Он посмотрел на потолок, припоминая что-то.

– Куда страшно заглянуть… Да. Я люблю его. Но я не знаю его. Следовательно, люблю не его, а кого-то другого… Но ведь все равно люблю.

На глазах Иванова блеснула пленка слезы. Я отложила вилку.

– У меня нет времени разбираться в его прошлом, в его мотивах… У меня много детей, жена, мама… Я работаю день и ночь, у меня нет времени просто сходить в Эрмитаж… Познание человека может отнять всю жизнь. Мне не жаль своей жизни, но у меня физически нет времени на то, чтобы разобраться – кто он такой. Я не боюсь правды, но правда каждого столь велика, что… У меня нет таких сил, Таня.

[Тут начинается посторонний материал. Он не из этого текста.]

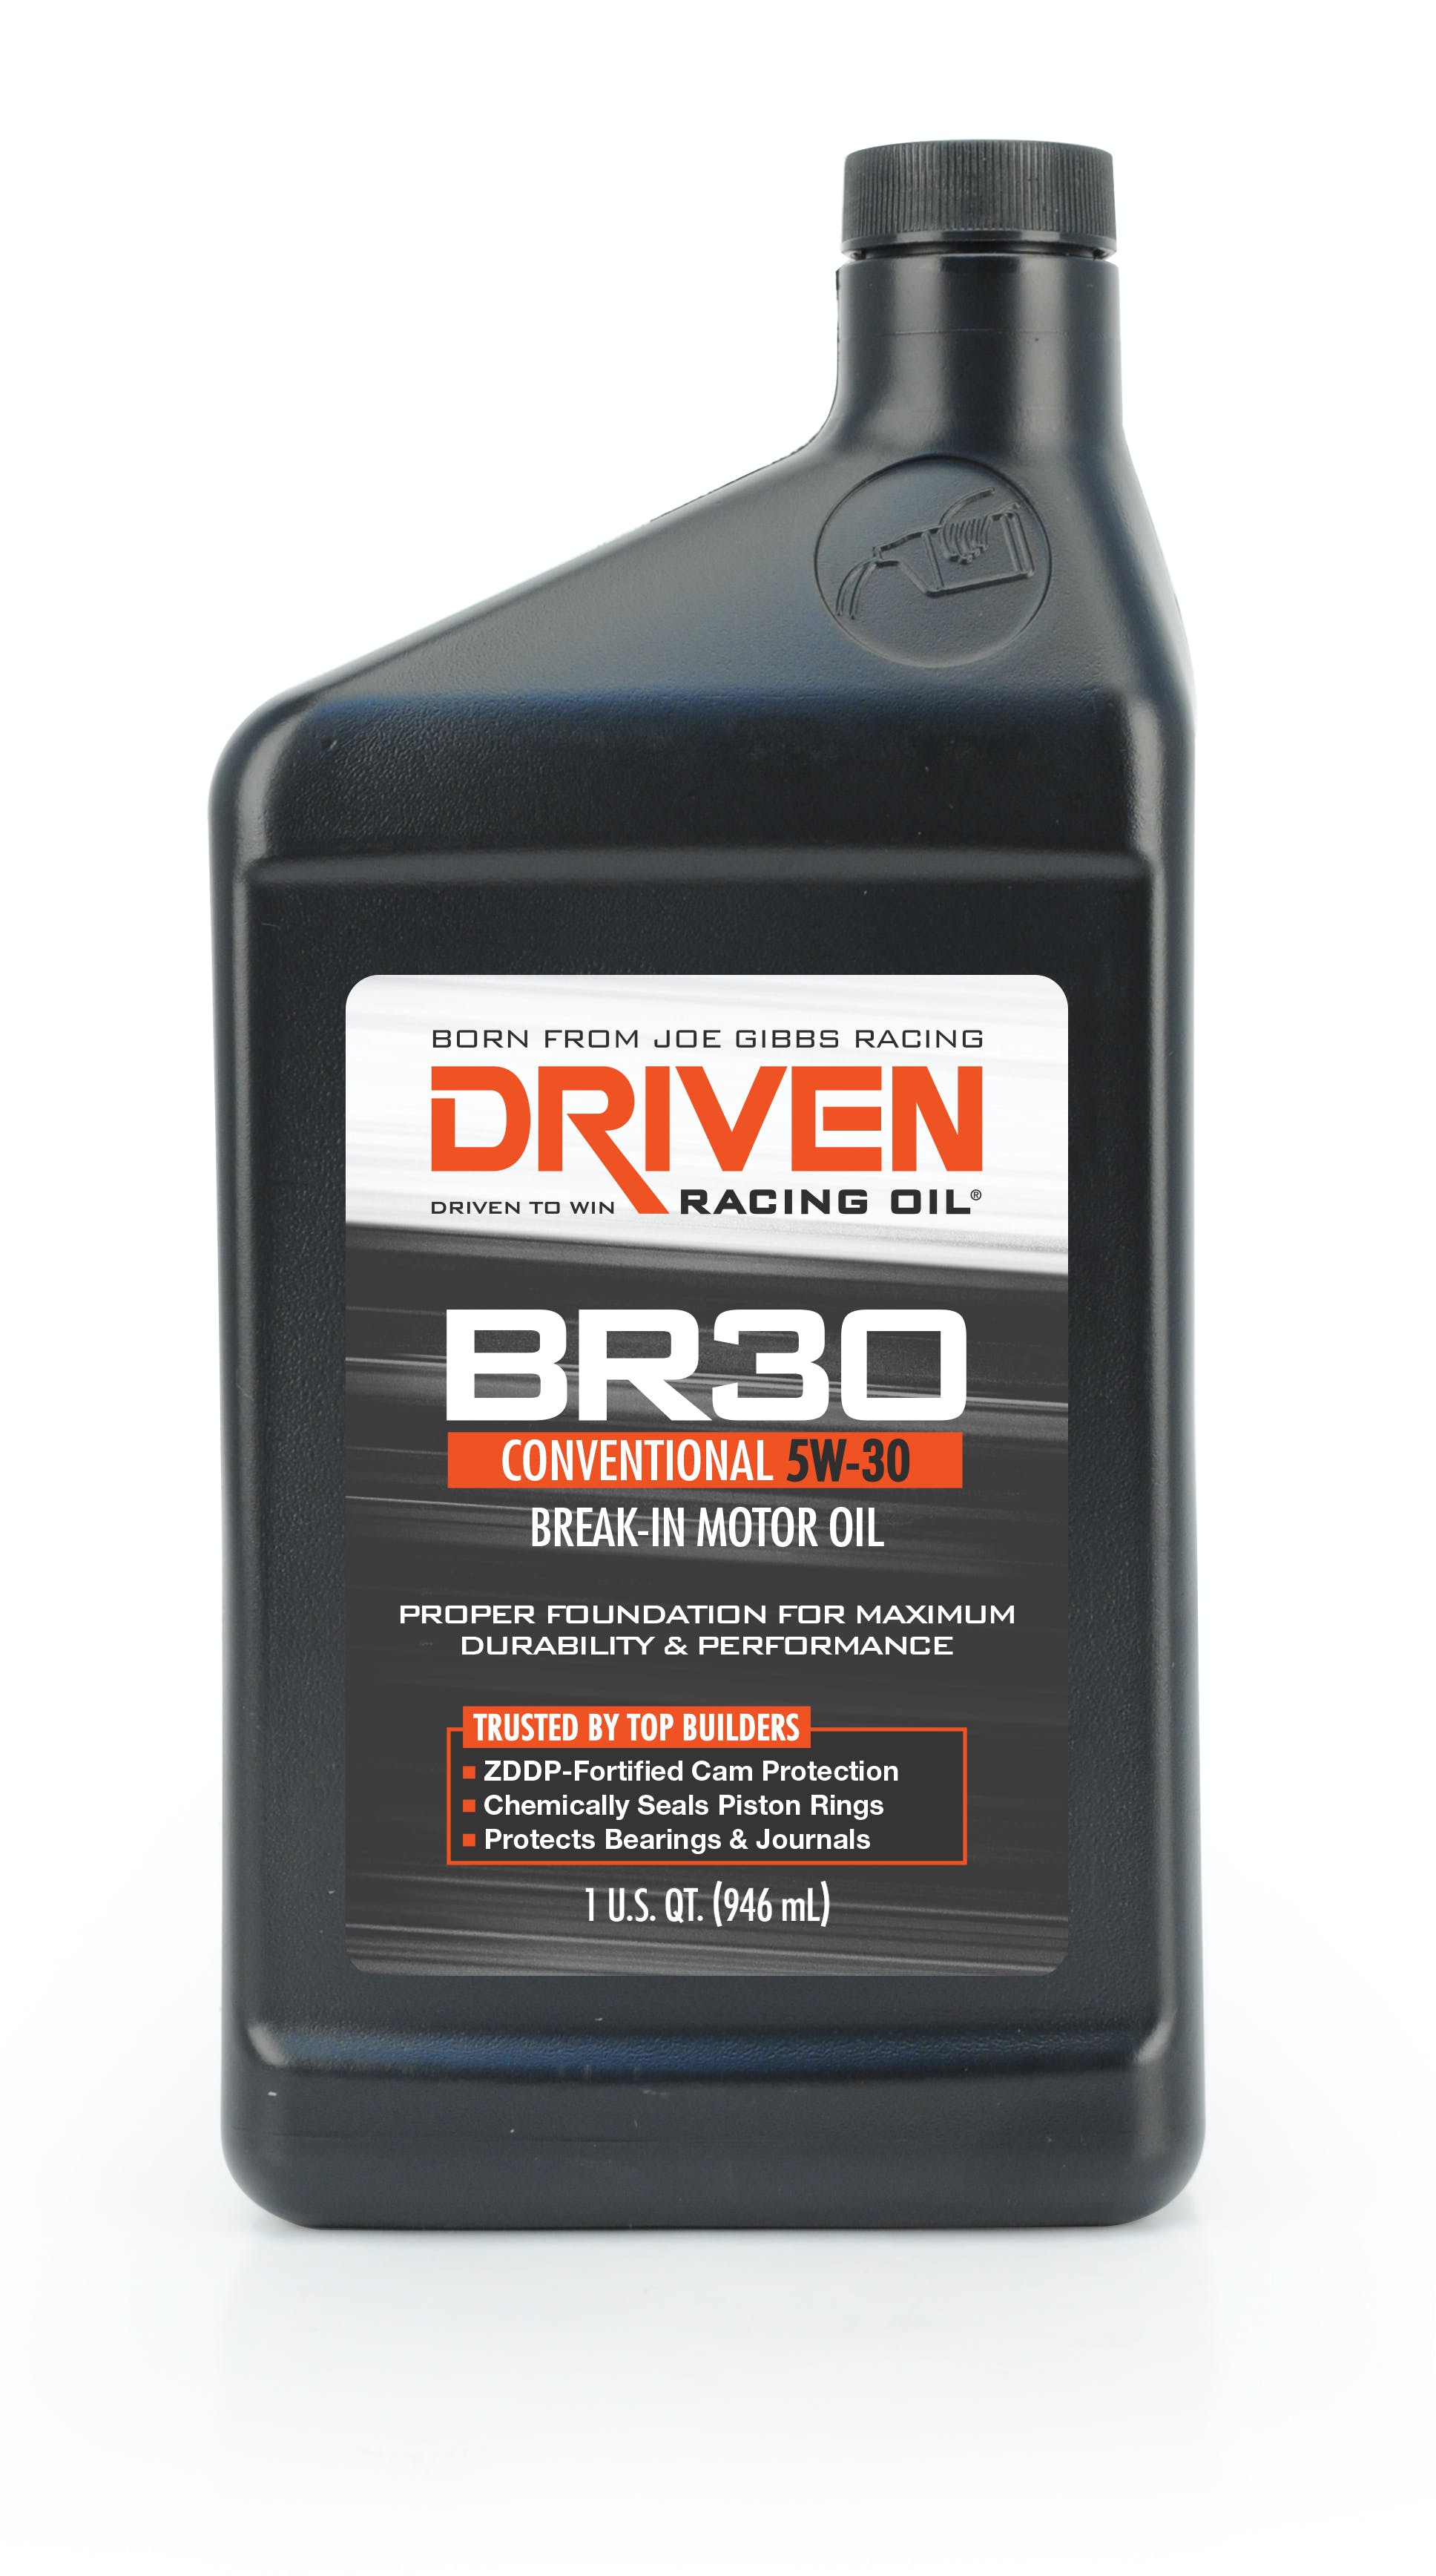 Driven Racing Oil 01806 BR30 Conventional 5W-30 Break-In Motor Oil (1 qt. bottle)

Нет! У меня нет времени на подлинную, настоящую любовь к нему. Но это не прекращает, не отменяет ту любовь, которую я чувствую… Я люблю его, я люблю, что он приходит ко мне… ставить ему пластинки, ждать, что он скажет… Я люблю его работы, он очень большой художник, в отличие от меня… Ведь я зарабатываю деньги, у меня дети, я принял такое решение… Он – другое. Я люблю его за то, что он принял другое решение. Может быть, он врет мне… Но меня это не ранит, не унижает… Мне все равно, кто он такой.

Лицо Иванова застыло. Как могло бы оно налиться кровью, так налилось усталостью и внутренним мраком.

– Повод ли это отказаться от него? – спросил он. Не меня, конечно. А так.

Котлеты остыли.

– Лично мне за почти тридцать лет он не причинил никакого зла.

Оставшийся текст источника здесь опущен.